Dataset excerpt Block Start

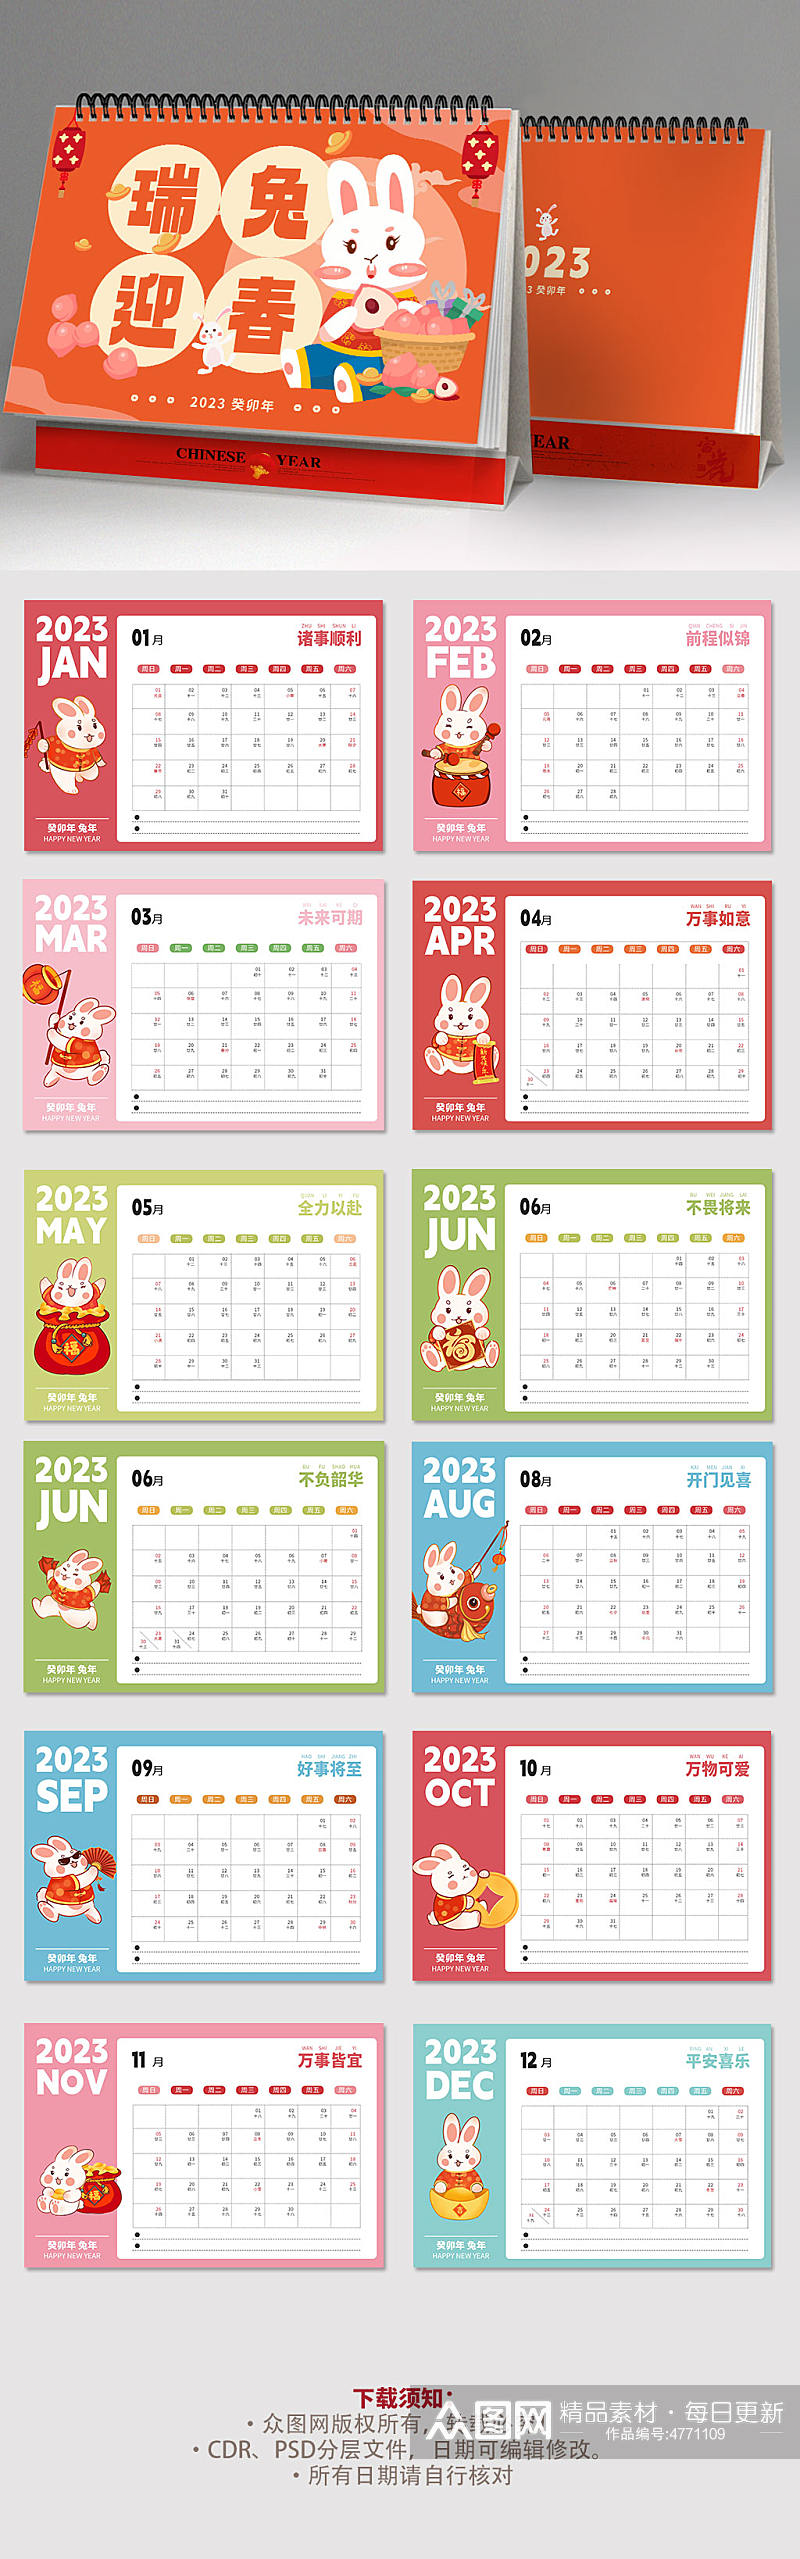 橘红色可爱2023年新年兔年台历日历设计素材
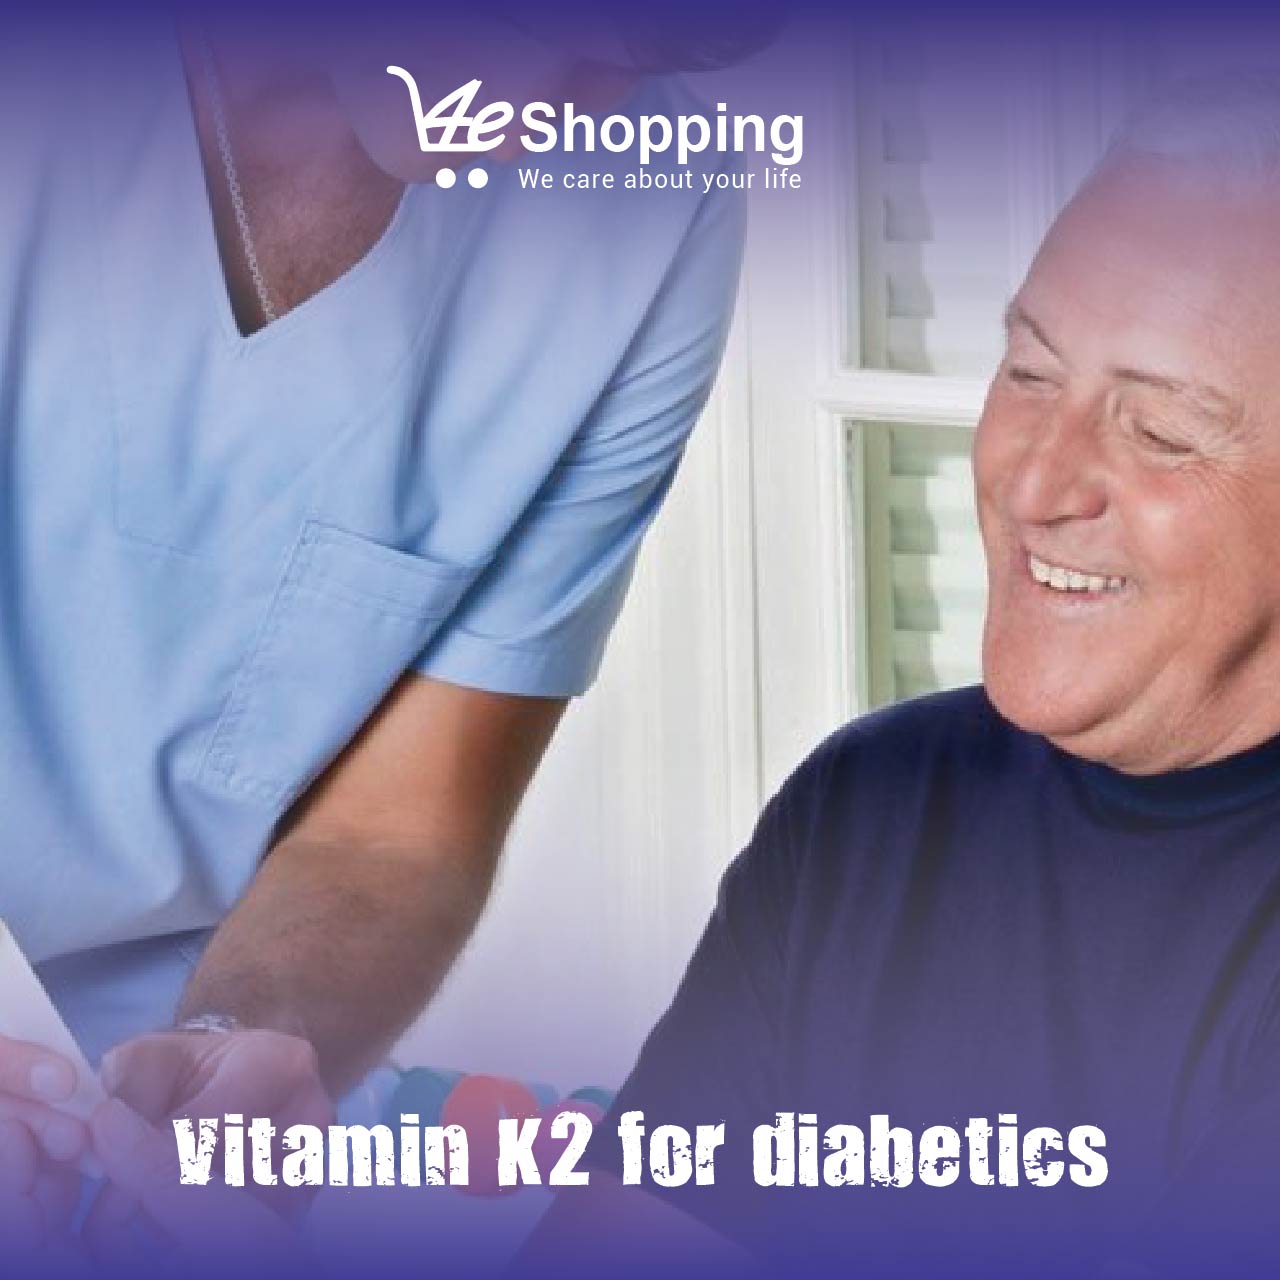 Vitamin K2 for diabetics
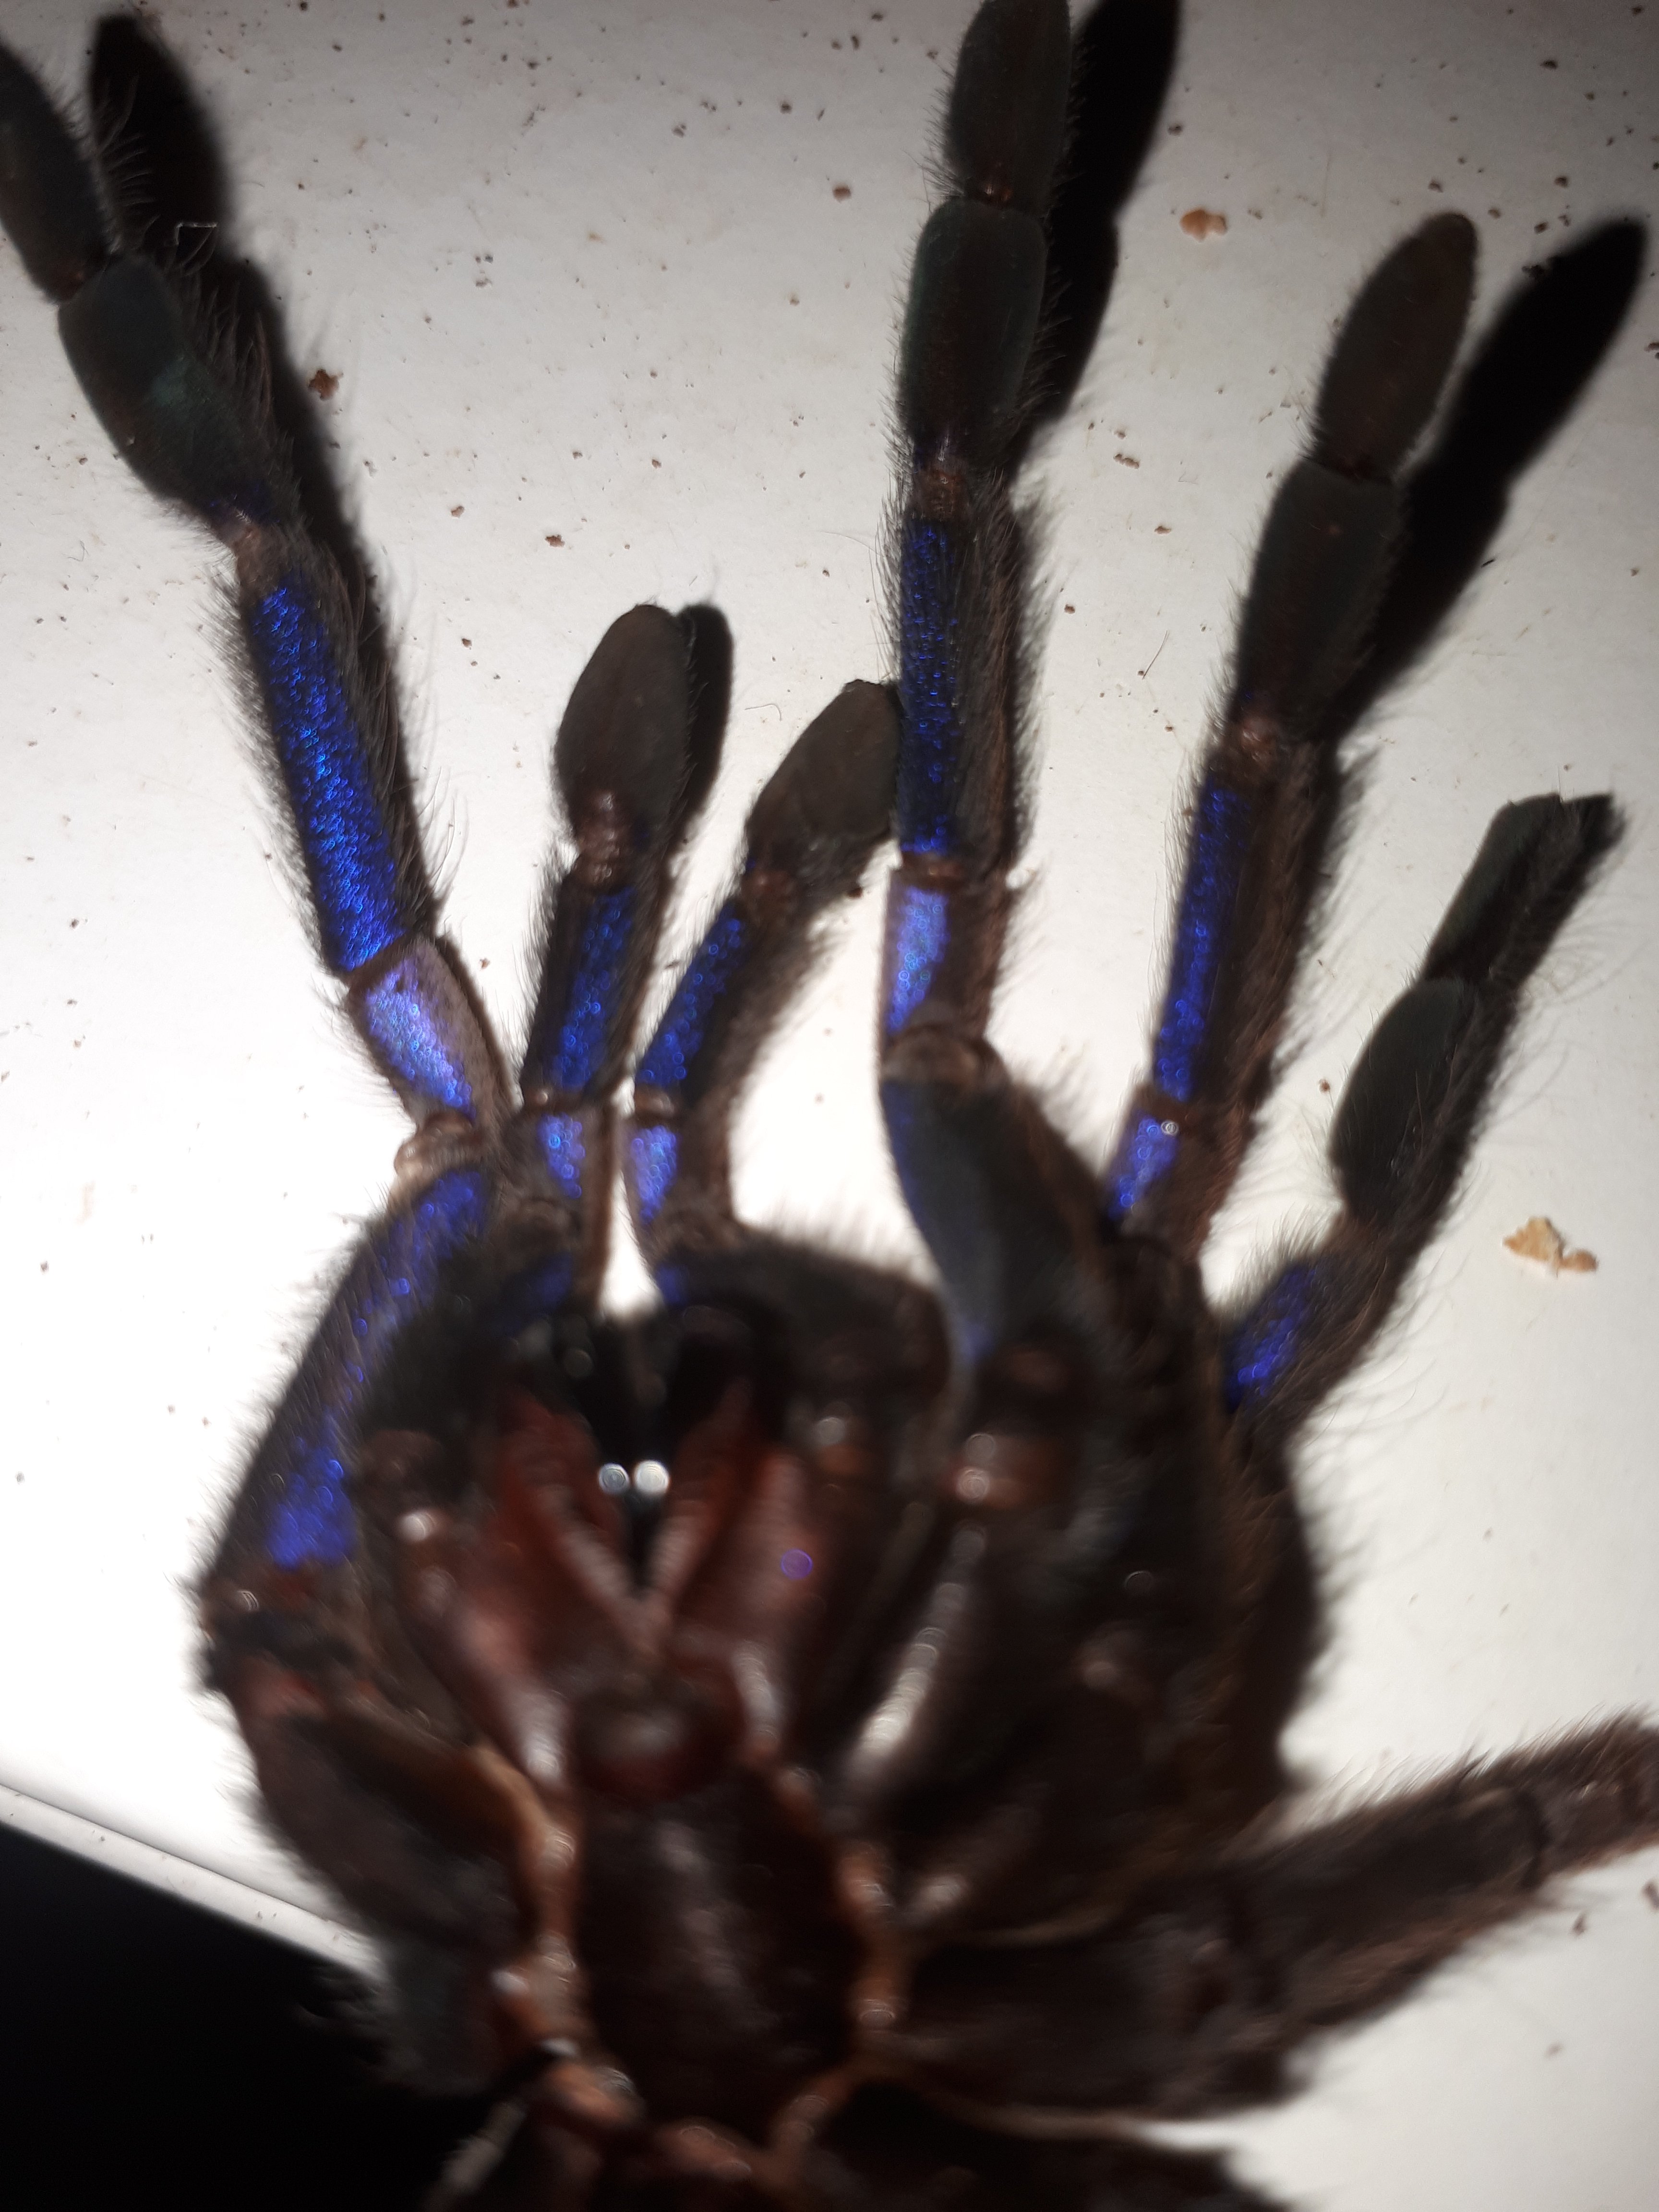 Chilobrachys sp. electric blue

Dataset excerpt Block End

**Your goal:**
Down to the last line, set down the data above exactly, and omit all images.

**Answer box:**
 橘红色可爱2023年新年兔年台历日历设计素材
 Vitamin K2 for diabetics
 Chilobrachys sp. electric blue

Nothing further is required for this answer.